Я продолжал мучить себя вопросом, как подвести беседу к Николь Ренард. У нее не было ни братьев, ни сестер, о ком бы я мог спросить. Я не знал, что она любила читать, или кто мог бы быть ее любимым киноактером. Наконец, я притих в своих поисках. Мы сидели в мягкой вечерней тишине, слушая, как кто-то негромко спорит об удачах и поражениях «Ред-Сокс», и вдруг я сказал: «Николь Ренард, как мне кажется, хорошая девочка», — и почувствовал, как мои щеки налились краской.
Мэри вздрогнула и уставилась на меня.
— Да, — сказала она.
Я не сказал больше ничего. Мери также молчала. Голос моего отца свалился на нас сверху с его старым рефреном о том, как «Беби Рут» врезали «Янкам».
— Ты ее любишь? — спросила она, наконец.
Мое дыхание участилось.
— Кого?
Она сердито вздохнула:
— Николь, Николь Ренард.
— Не знаю, — сказал я, мои щеки налились кровью, и я не знал, что мне
делать со своими руками.
— Тогда, зачем ты о ней спрашиваешь?
— Не знаю, — снова сказал я с глупым ощущением, что попал в ловушку, осознав, что теперь Мэри ЛаКруа все обо мне знает, и теперь она постоянно будет меня шантажировать.
Наконец, я доверился ее милосердию.
— Да, — сказал я. — Я люблю ее, — удивившись тому, как мне стало легко, словно камень с плеч долой. Мне хотелось залезть на крышу и кричать: «Я люблю ее от всего сердца!»
— Пожалуйста, не говори ей об этом, — умолял я.
— Твоя тайна останется со мной, — сказала Мэри.
Но что это? Где-то в глубинах своего подсознания я хотел, чтобы она поделилась об этом с Николь Ренард.
Три дня спустя, Мэри и Николь снова проводили время вместе на веранде этажом выше. Я сидел и читал «И снова всходит солнце», понимая, что Эрнест Хемингуэй редко пользовался словами, в которых было более чем три слога, что ставило предо мной вопрос, может ли любой, включая меня, стать писателем?
Когда я услышал, как Николь собирается уходить, как ее шаги пересекли комнату этажом выше, и как она сказала: «Бай-бай» — я закрыл книгу, забрался на перила и расположился так, что ей будет трудно меня не заметить.
Вслушиваясь в ее шаги на лестничной клетке, я стоял дрожащими ногами на перилах.
Она вышла наружу.
Я уже не смотрел вдаль.
- Не упади, Френсис, — сказала она, быстро спускаясь с крыльца.
Меня поразил ее голос — сам факт того, что она заговорила со мной, и я чуть даже не упал с перил. Восстановив равновесие, я понял, что она на самом деле произнесла мое имя. «Не упади, Френсис». Мое имя было у нее на устах! Тогда я задрожал в агонии от напряжения. Почему я не ответил ей? Теперь она могла подумать, что я глуп и неспособен начать разговор? Она просто дразнила меня? Или она действительно боялась, что я упаду? Эти вопросы меня просто убили. Я никогда не знал, что от любви можно так выйти из себя. И, наконец, главный вопрос: сказала ли ей Мэри, что я ее люблю?

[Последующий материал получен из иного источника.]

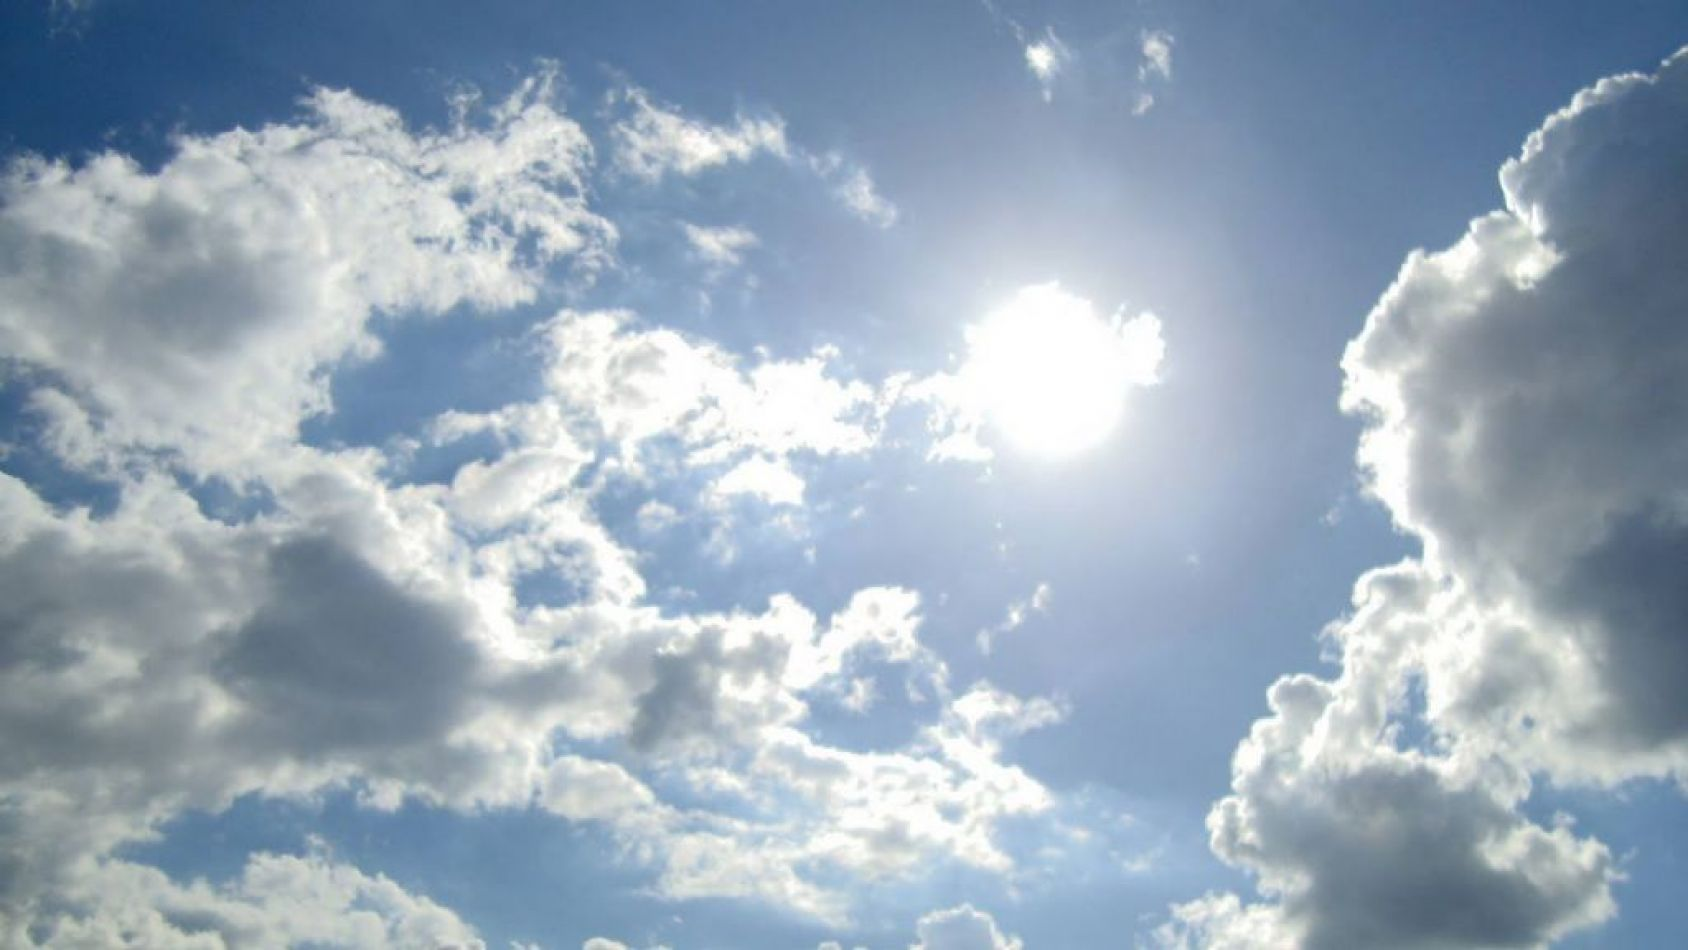 Anuncian días de pleno sol para esta Semana Santa en Salta

Я так и не нашел ответов ни на один из этих вопросов. Мы с Мэри больше не разговаривали о Николь. Она всегда очень быстро приходила и уходила, и я также был готов попробовать подкараулить ее где-нибудь за углом. Начались летние каникулы, каждый был занят своими делами. Николь больше не приходила в наш дом. Я как-то увидел, как она шла по Третей Стрит. Она или входила, или выходила из магазина, и у меня остановилось дыхание. И еще раз я видел ее в жаркий летний день около женского монастыря. Она прогуливалась с Сестрой Матильдой, о чем-то беседуя.

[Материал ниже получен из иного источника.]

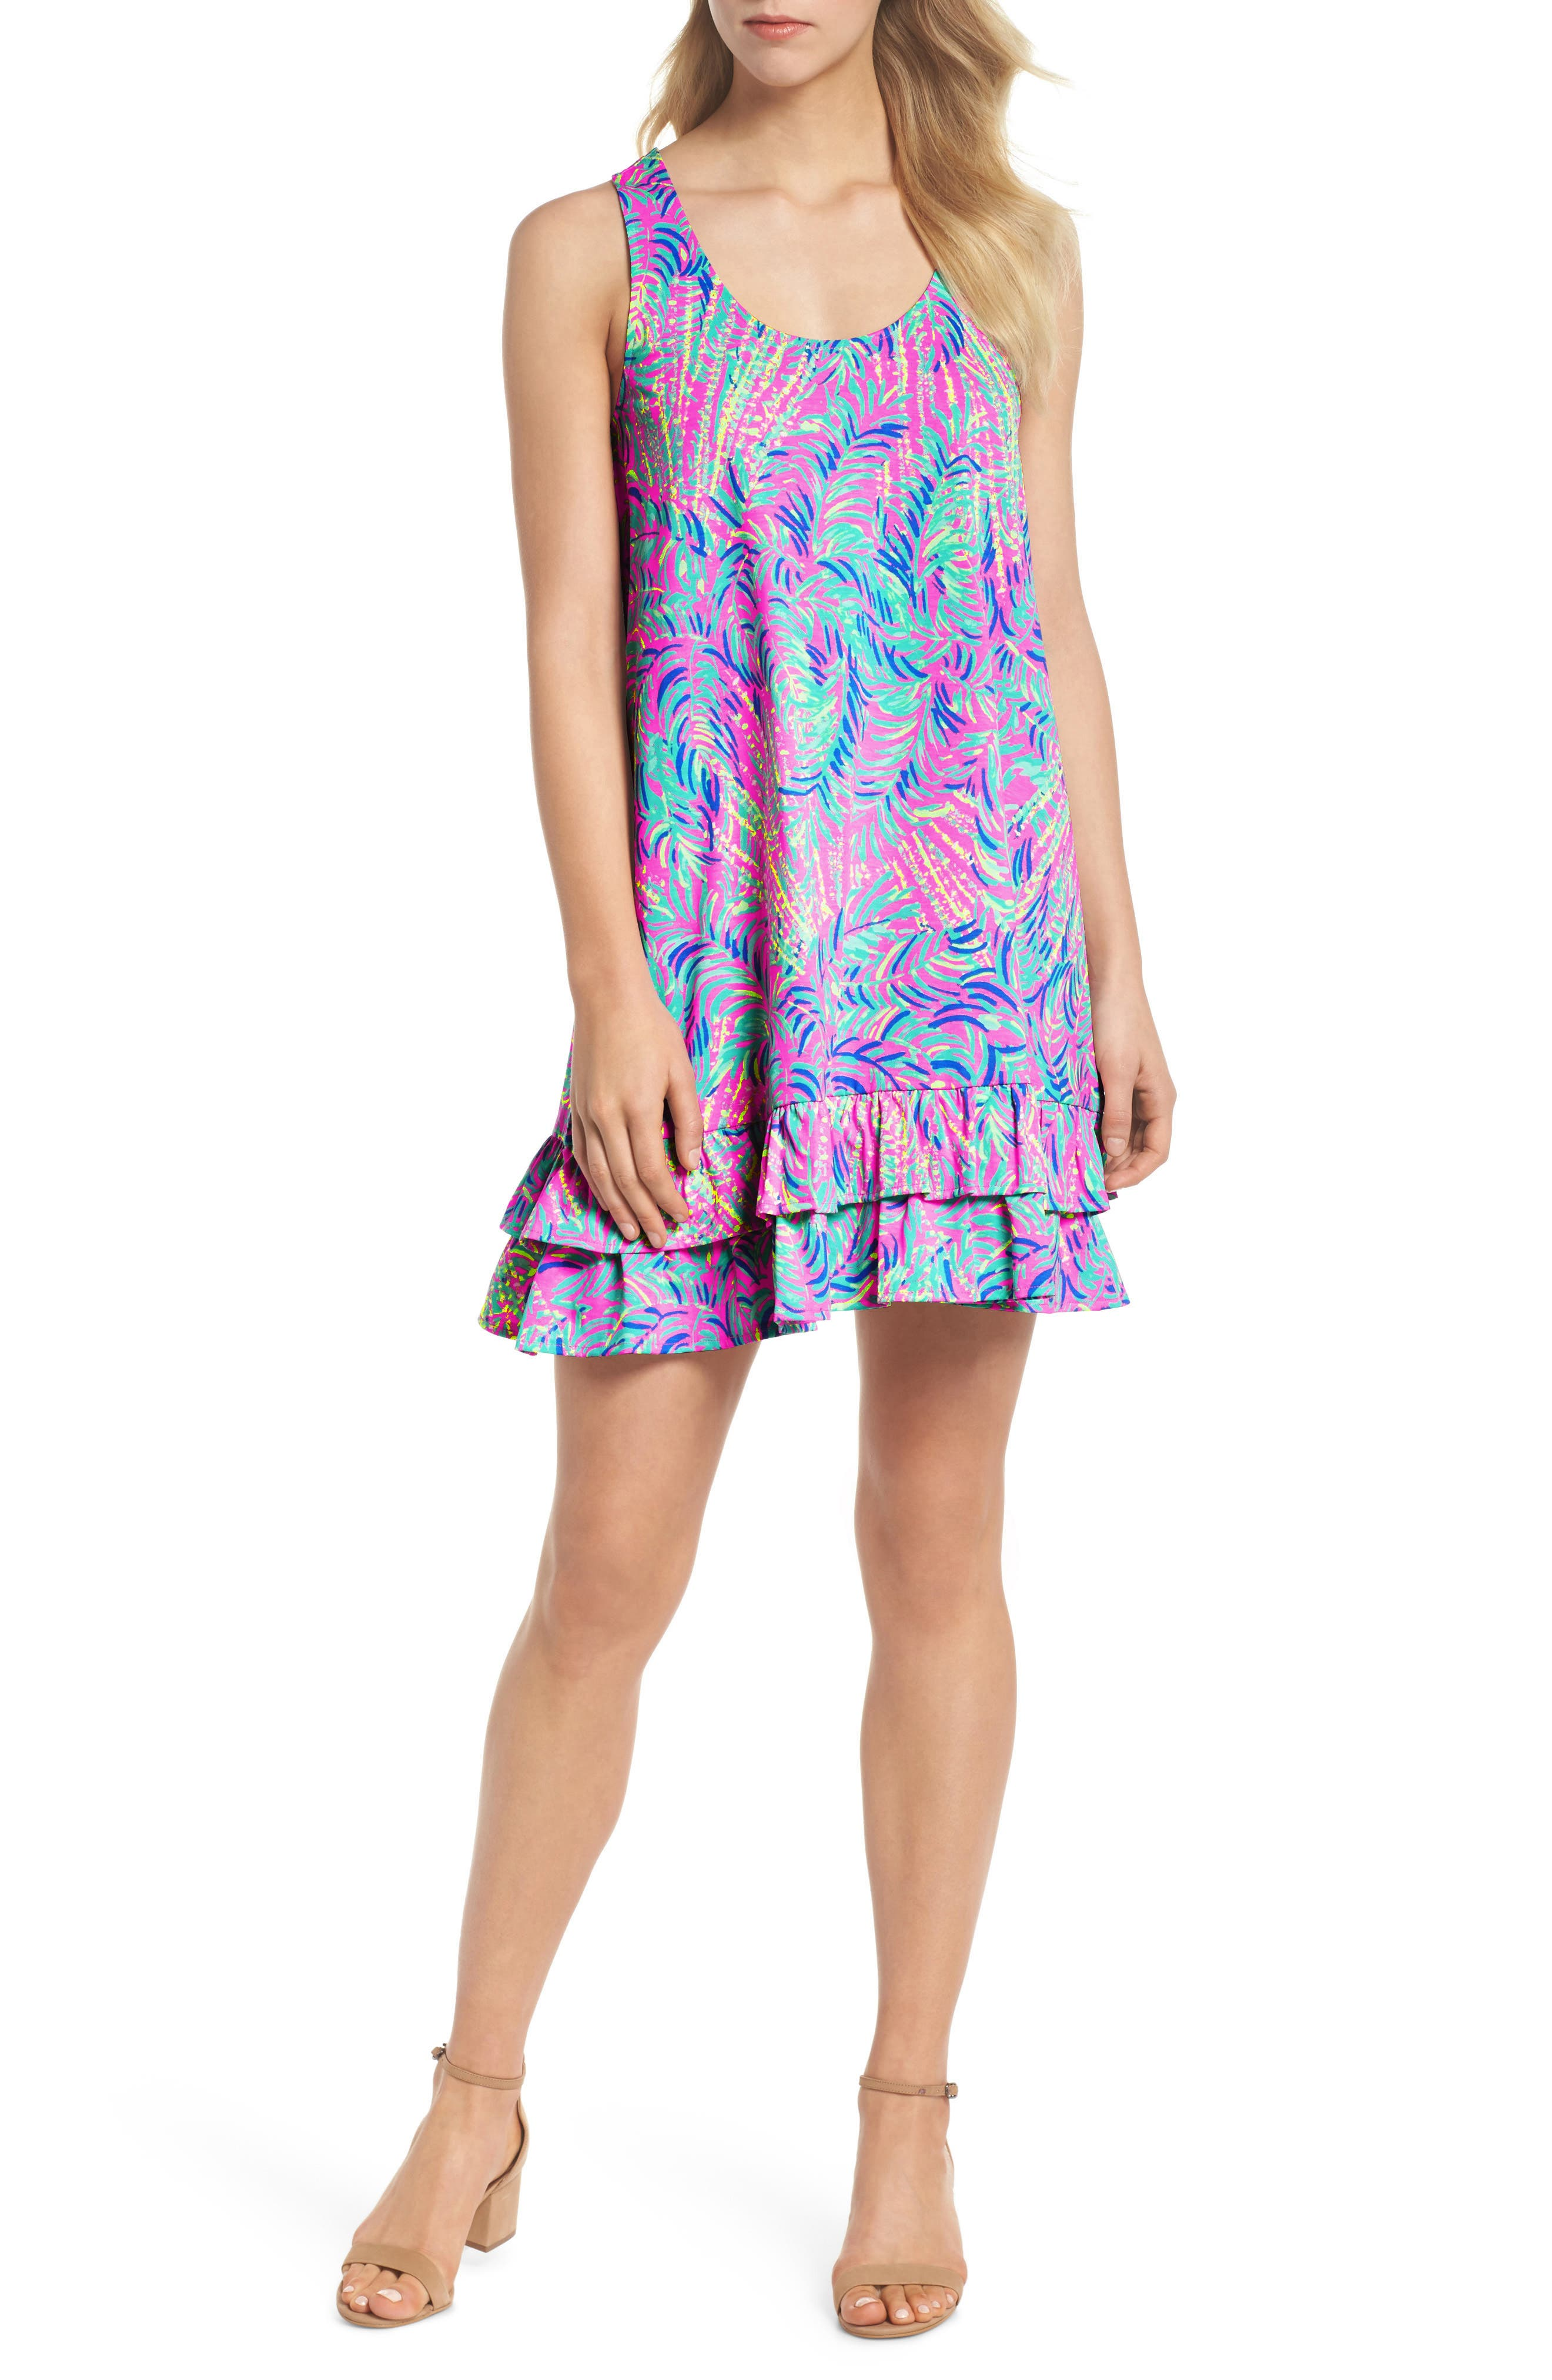 Alternate Image 1 Selected - Lilly Pulitzer® Evangelia Sleeveless Racerback Dress

Как-то вечером, мы с Джоем ЛеБланком и еще с кем-то торчали у «Аптеки Лурье», и я увидел, как она переходила улицу. Ее платье рисовалось белым пятном в вечернем сумраке. Она посмотрела в нашу сторону и помахала рукой.

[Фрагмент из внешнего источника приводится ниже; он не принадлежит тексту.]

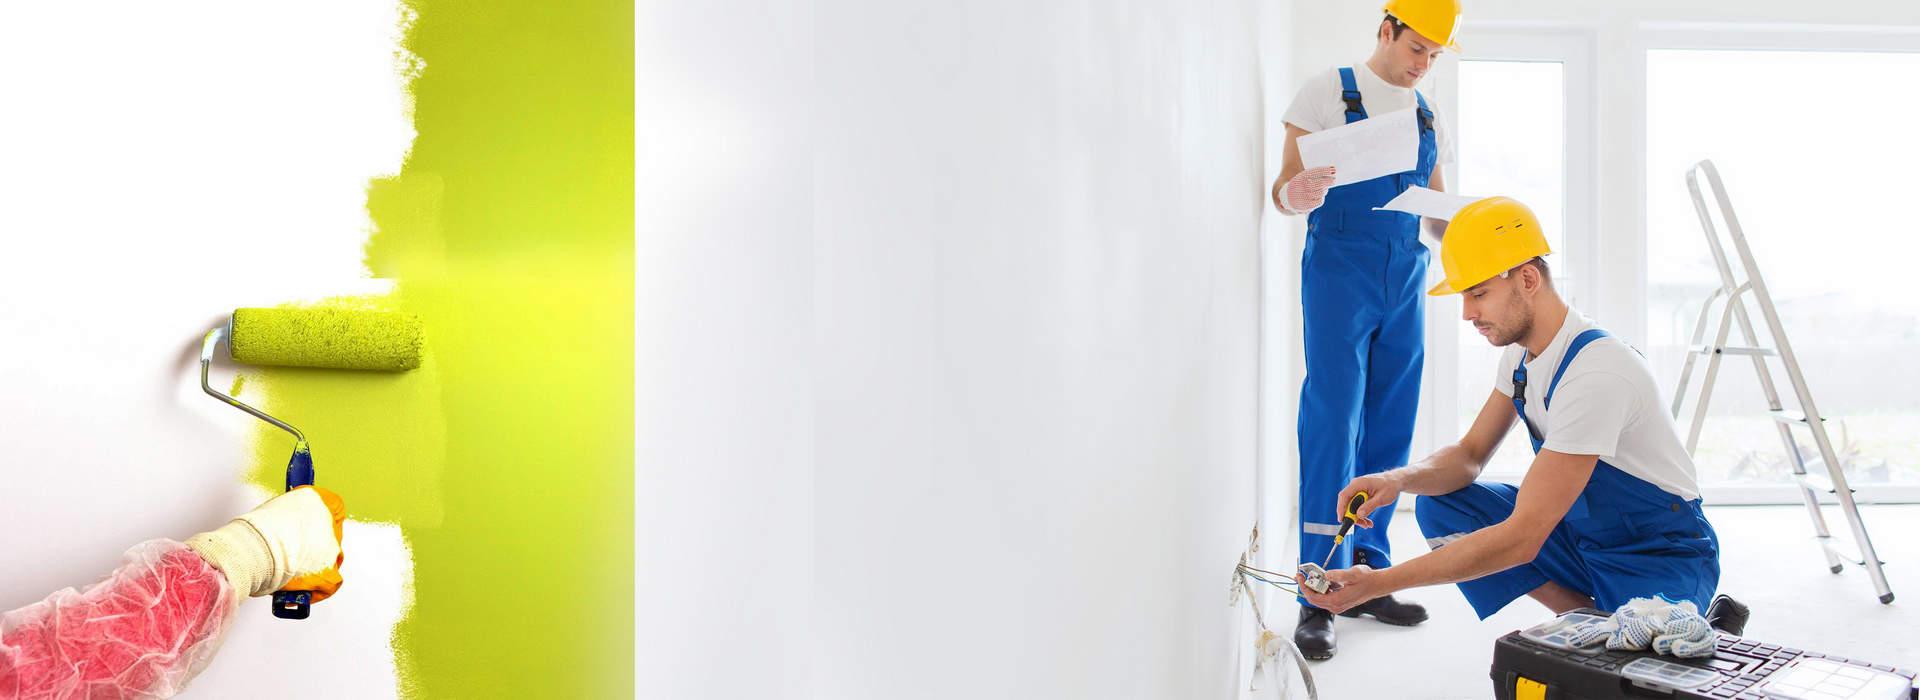 ремонт квартир картинки для загрузки гамак

Я помахал ей в ответ. Меня сильно взволновало ее внимание.
Джой также помахал ей, крикнув: «Эй, Николь, тебе идут эти чулочки». Затем он рассмеялся над своим, как он думал, остроумным замечанием. Он и не смог бы разглядеть ее чулки с такого расстояния при низком вечернем свете, слепящем нам в глаза.
Остановившись, она замерла, откинув голову, словно была чем-то озадаченна, Джой стал просто разрываться от смеха, а Николь пошла, заметно ускоряя шаг.
— У тебя язык без костей, — сказал я Джою и с отвращением отвернулся.